Recognizing these risks, modern grid codes and interconnection standards, including those aligned with NERC PRC-029-1 and IEEE Std 2800-2022, explicitly prohibit the use of cease mode during short circuit conditions, instead requiring IBRs to provide dynamic reactive current support during voltage depressions. In practice, however, the presence of zero-sequence current paths through transformer grounding can obscure the true dynamic response of IBRs. As demonstrated, removing the zero-sequence component (I0) from recorded fault current waveforms is often necessary to accurately assess whether an IBR complied with ride-through and reactive support requirements.

Biographies.

Mukesh Nagpal is a Senior Associate Technical Consultant at Burns & McDonnell and an IEEE Fellow. With over 35 years of experience in electric utility research and power system protection, Mukesh has made notable contributions to the economic, safe, and reliable integration of renewables into the electric grid. He has published approximately 50 technical papers.

Ajmal Saeed is a Principal Protection Engineer for Pacific Gas and Electric Company in Sacramento, CA. He earned his MSc in Electrical Engineering from Rensselaer Polytechnic Institute, NY and BS cfrom the University of Engineering and Technology, Lahore, Pakistan. His areas of interest include protection systems, electrical design, electric system modeling and engineering applications for the utility industry.

Ricardo Rangel  has received his BSc from California State University, Fresno and MSs from University of California, Los Angeles. He is a registered Professional Engineer in California and works as a System Protection Engineer at Pacific Gas and Electric Company in Fresno, CA supporting the transmission system for 230 kV and below. His area of interest is power system impedance calculations using relay data and he has authored several technical papers on this topic.

Daniel Zhang is an Expert Protection Engineer with Pacific Gas and Electric (PG&E) based in San Ramon, CA. He supports PG&E’s 500 kV System Protection, Remedial Action Scheme, Phasor Measurement Units, etc. He received his BSc and MSc degrees in 1993 and 1996, respectively, from Xi’an Jiaotong University, Xi’an China, and MESc in 2003 from University of Western Ontario, London, Ontario, Canada. He has been working in the field of power system protection and control for over 20 years with utilities and engineering firms. He is a registered professional engineer in NY State.

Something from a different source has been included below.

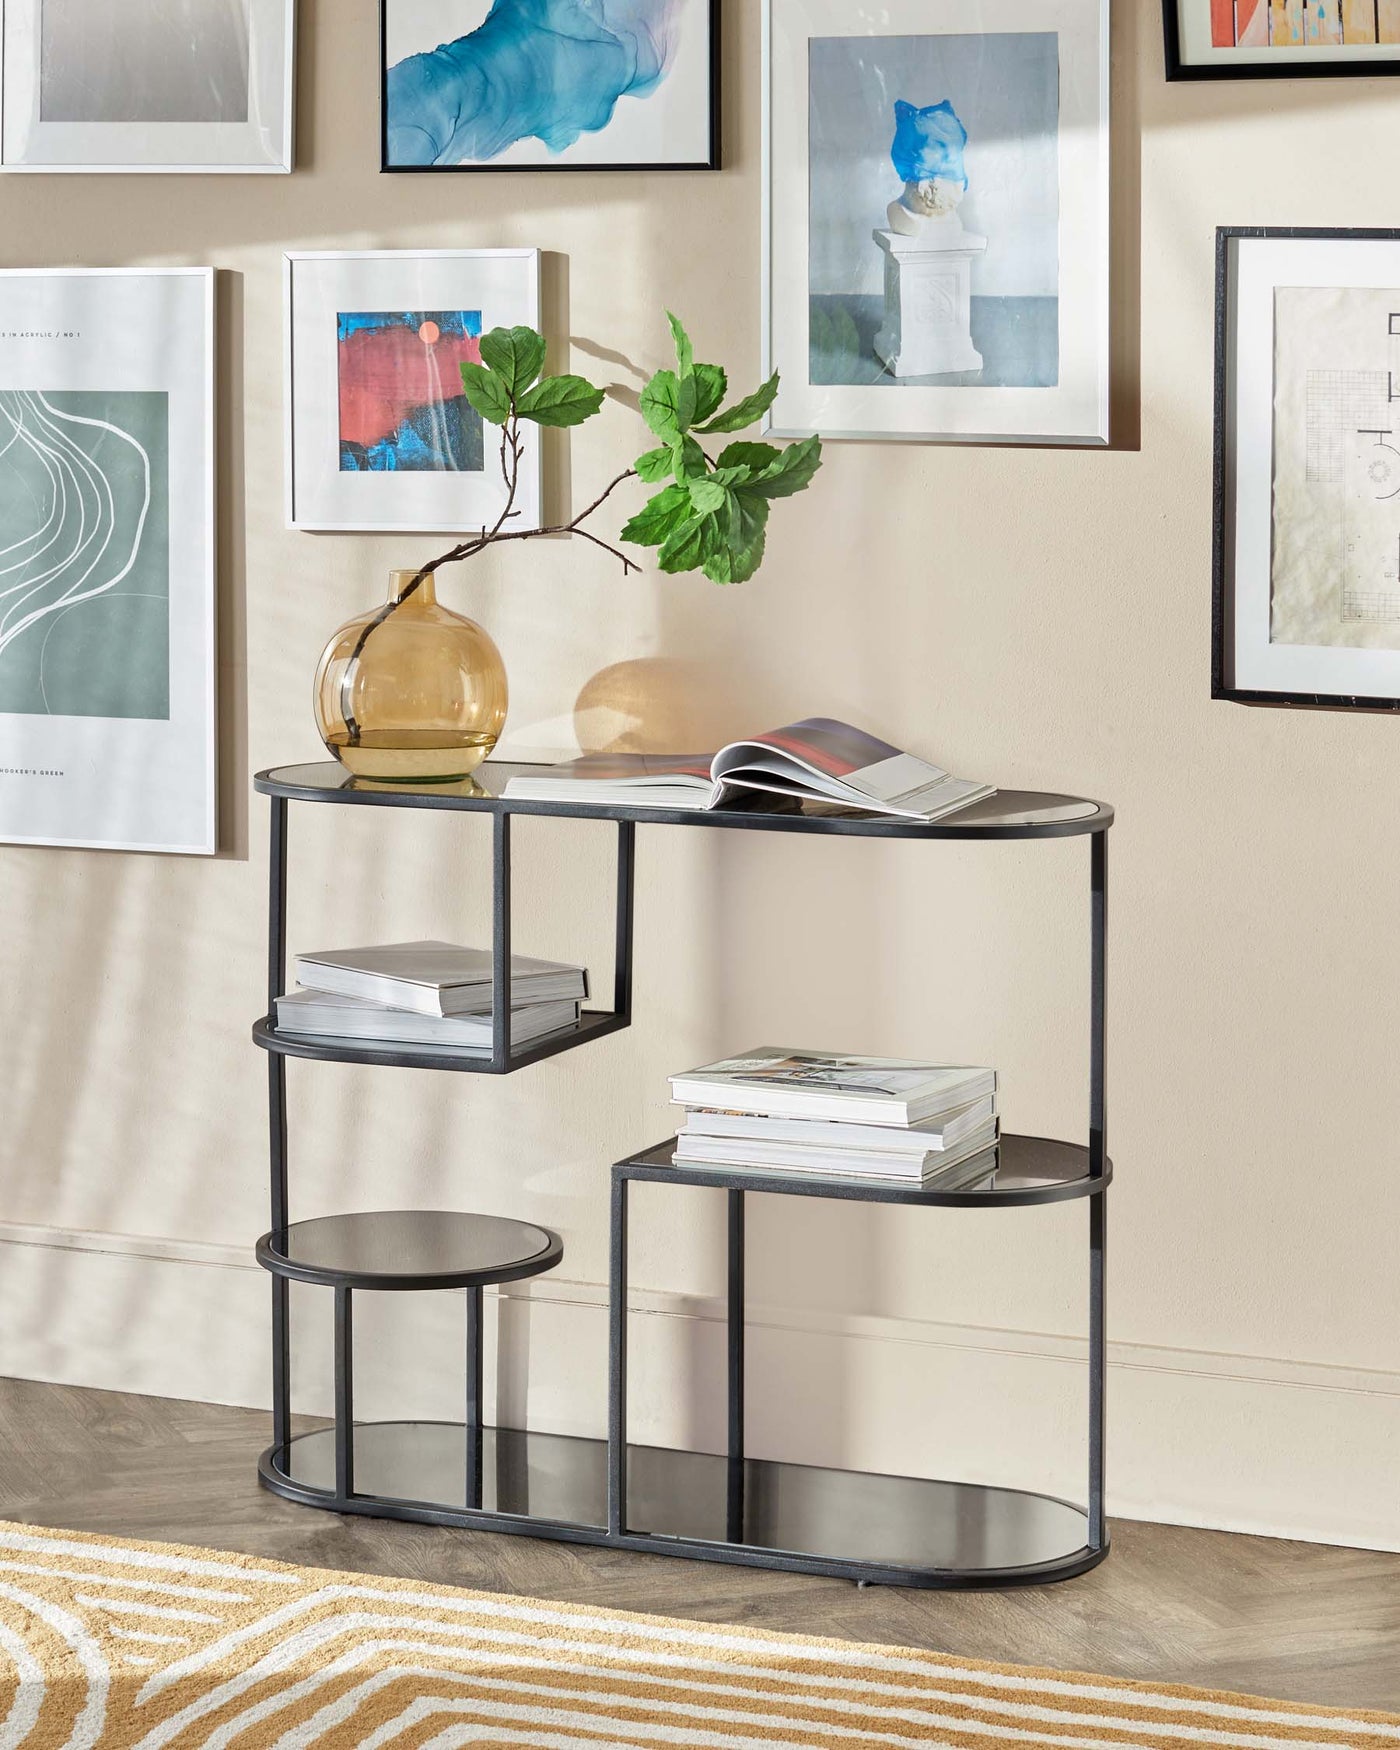 A modern asymmetrical metal and glass tiered console table with a semi-circular top, two rectangular shelves, and a smaller round side table attached at the bottom.

Ritwik Chowdhury received his BSc degree in engineering from the University of British Columbia and his MSc degree in engineering from the University of Toronto. He joined Schweitzer Engineering Laboratories, Inc. (SEL) in 2012, where he is presently a principal engineer in research and development. Ritwik holds over 15 patents and has coauthored over 35 technical papers. He was recognized as an exceptional reviewer for IEEE Transactions on Power Delivery for three years. He is a past chair of the Protection and Control Practices Subcommittee (I-SC) of the IEEE Power System Relaying and Control (PSRC) Committee and the recipient of the 2021 PSRC Outstanding Young Engineer Award. Ritwik is a senior member of IEEE, a member of CIGRE, and a registered professional engineer in the province of Ontario.